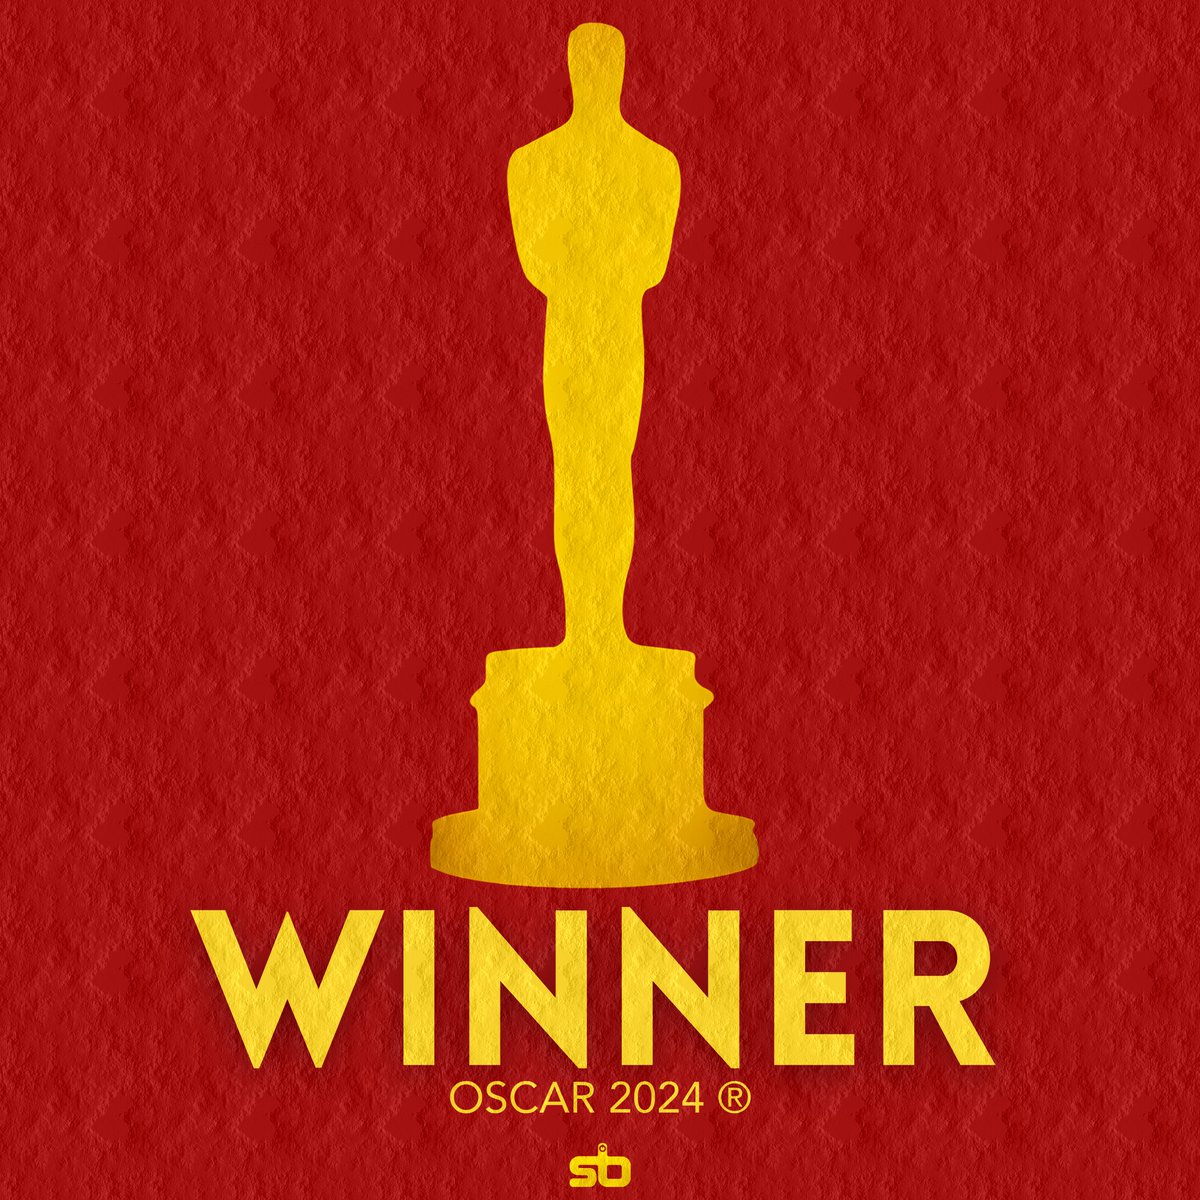 🏆 EMMA STONE vence o Oscar de “Melhor Atriz” por Poor Things. #Oscars #Oscars2024
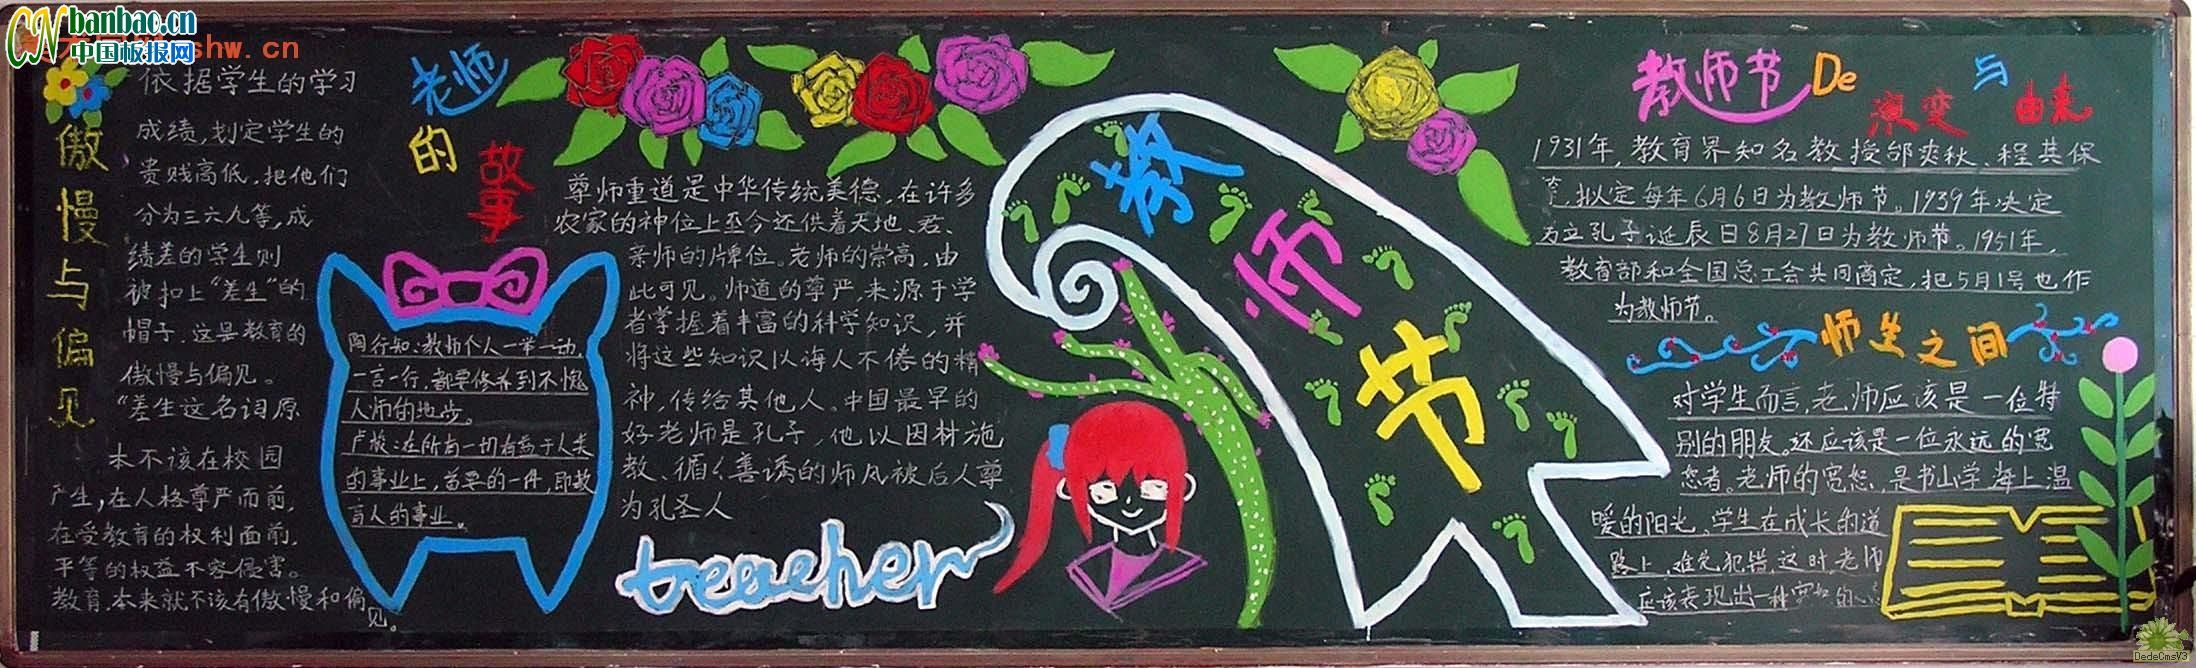 庆祝2009年教师节黑板板设计
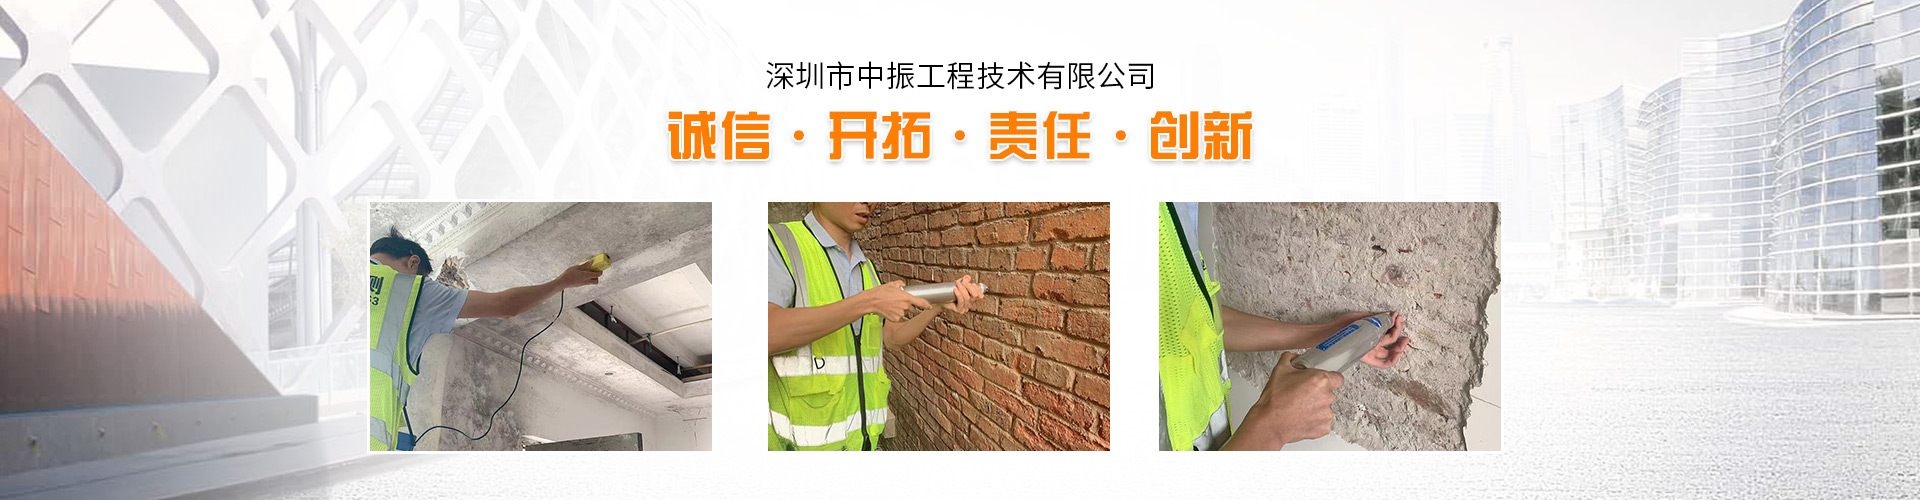 办理惠州市房屋房产证需要的房屋安全检测鉴定报告

## HOW TO COMPLETE THIS TASK
Pictures stay out; all other material above is restated word for word.

## COMPLETED EXERCISE
 🏆 EMMA STONE vence o Oscar de “Melhor Atriz” por Poor Things. #Oscars #Oscars2024
 庆祝2009年教师节黑板板设计
 办理惠州市房屋房产证需要的房屋安全检测鉴定报告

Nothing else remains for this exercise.